Once a query is thus created, one can execute it many times by assigning new values to the variables through the hg.var method as shown above.

The Implementation
The requirement of calling HGQuery.compile right of the make method comes from the fact that the existing API constructs conditions in a static environment. The condition is fully constructed before it is passed to the compile method. So to make a variable context available during the condition construction process (the evaluation of the query condition expression), we do something relatively unorthodox here and attach that context (essentially a name/value map) as a thread local variable in the make method. The alternative would have been creating a traversal of the condition expression that collects all variables used within them. Either that traversal process would have to know about all condition types, or the HGQueryCondition would have had to be enhanced with some extra interface for "composite conditions" and "variable used within a condition". I didn't like either possibility. Having a two step process of calling hg.make(...).compile(....) seems clean and concise enough.

Variables are implemented through a couple of new interfaces: org.hypergraphdb.util.Ref, org.hypergraphdb.util.Var. When a condition is created with a constant value (instead of a variable), the org.hypergraphdb.util.Constant implementation of the Ref interface is used. All conditions now contain Ref<T> private member variable where before they contained a member variable of type T.  I won't say more about those reference abstractions, except one should avoid using them, unless one is implementing a custom condition...they are considered internal.

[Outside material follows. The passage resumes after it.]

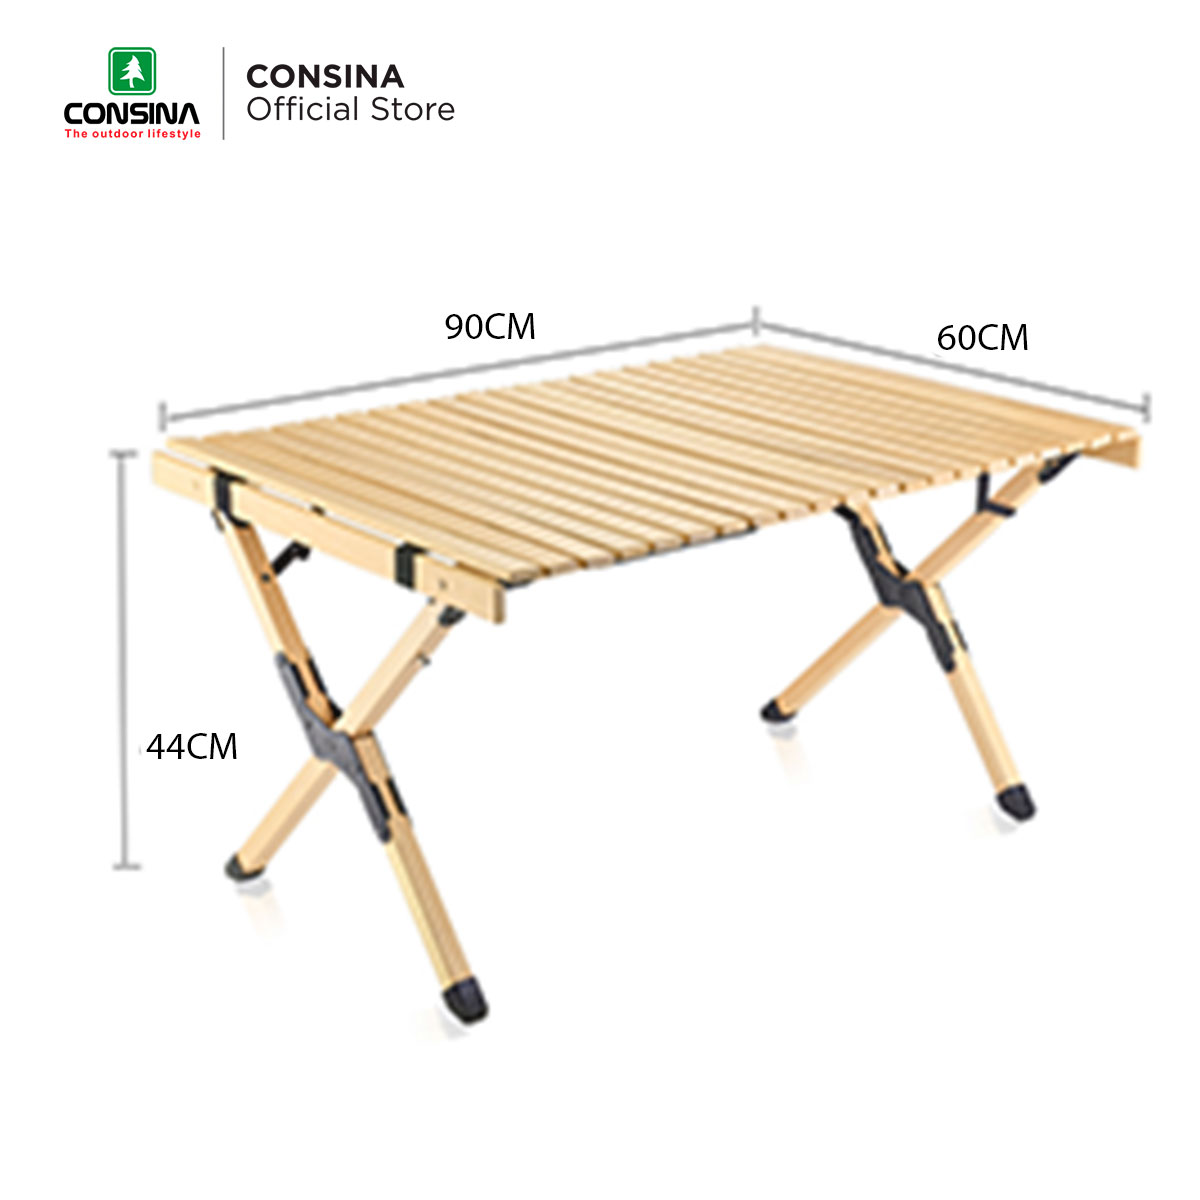 consina table pine wood camping meja lipat kayu - toko online

On a side note, this idea of creating a reference abstraction essentially implements the age-old strategy of introducing another level of indirection in order to solve a design problem. I've used this concept in many places now, including for things like caching and dealing with complex scopes in bean containers (Spring), so I spend some time trying to create a more general library around this. Originally I intended to create this library as a separate project and make use of it in HyperGraphDB. But I didn't come up with something satisfactory enough, so instead I created the couple of interfaces mentioned above. However, eventually those interfaces and classes may be replaced by a separate library and ultimately removed from the HyperGraphDB codebase.